Rihab: “I am a leader in my household and an example for my children”

 Syria
 Emergency Response
 7th Mar 2019

Rihab lives in Zarqa, Jordan, along with her husband and five children. She became a member of CARE’s Zarqa Women’s Leadership Council when it first began in 2016. This was her first experience in a leadership role, and she was very new to topics such as gender, violence and human rights. “I had no idea that refugee women had this many rights, until I was trained to become a trainer on these topics,” explains Rihab.

“When I was in Syria, I used to be a psychology and a sociology teacher in a boys’ school, which is why it was very difficult for me to be unemployed when I came to Jordan in 2013,” says Rihab. Rihab found her calling when she was introduced to the Women’s Leadership Council and was able to be an active member of society again.

“I have always considered my children to be my greatest accomplishment in life. They are all very high achievers at school. My second greatest achievement is that I was able to rise from a very dark place due to my work with CARE in the Council.”

After a year and a half of training other women, the Council started initiatives that would help them reach a wider audience of Syrian women and educate them on the most important topics. “My initiative was called ‘First Aid at Your Home’, where I taught 10 women basic first aid skills that can save their lives, or a family member’s life. They, in turn, would teach 10 other women all the lifesaving skills that they learned.”

Rihab explained that her work with CARE has also helped her work with other INGOs, “I was able to build my CV and work with NRC and UNICEF as a leader for change. This also allowed me to be a leader in my own household and set an example for my children to be leaders as well. My son is even enrolled in the CARE Youth Council because he always says that he wants to be just like me.”

Women’s Leadership Councils (WLCs) enable Syrian women to take part in activism, promote gender-responsive and participatory monitoring practices, and participate in key decision-making processes within their local communities in Jordan. Each council is made up of twelve members between the ages of 18-55 (with exceptions to qualified and committed women over 55).

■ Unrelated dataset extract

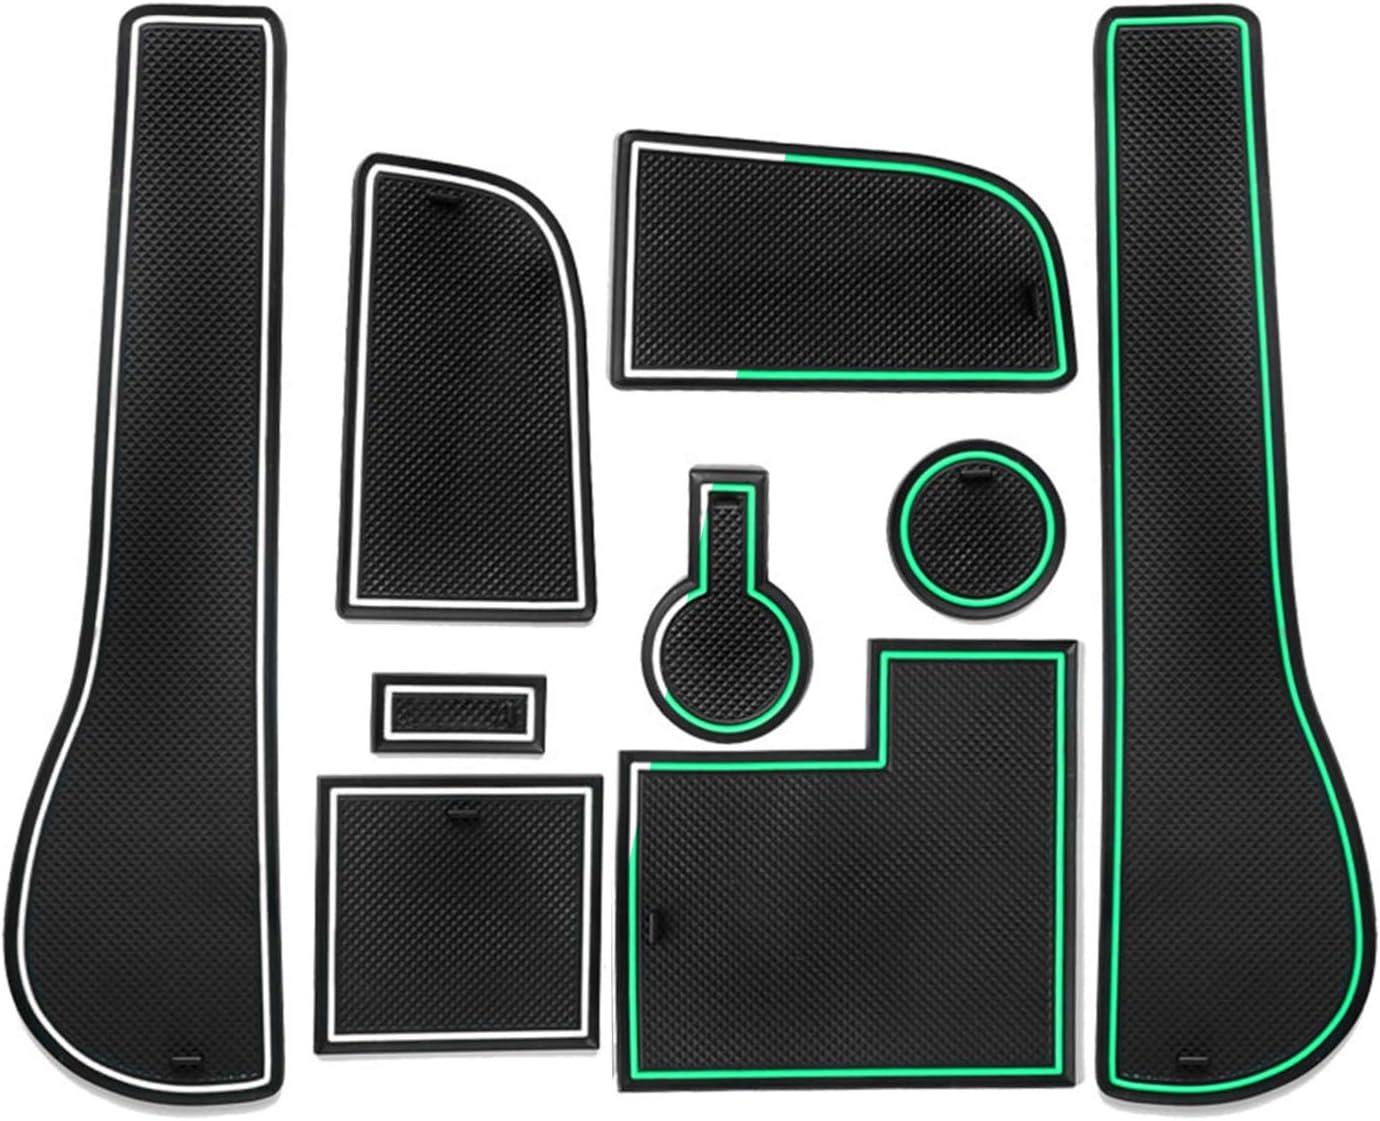 Cdefg Golf 7 R Gtd Gti Gte Auto Mittelkonsole Gummimatten Türschlitz Getränkehalter Rutschfest Anti Staub Becherhalter Gummi Matte Armlehne Aufbewahrung Antirutschmatte Innenraum Zubehör Weiß Auto

WLCs help raise the voices of Syrian women and girls by including them in policy making and providing support to the women and girls in their communities.

Rihab said of her experience as a leader in one of CARE’s Women’s Leadership Councils, “I have always considered my children to be my greatest accomplishment in life… My second greatest achievement is that I was able to rise from a very dark phase due to my work with CARE in the Council.”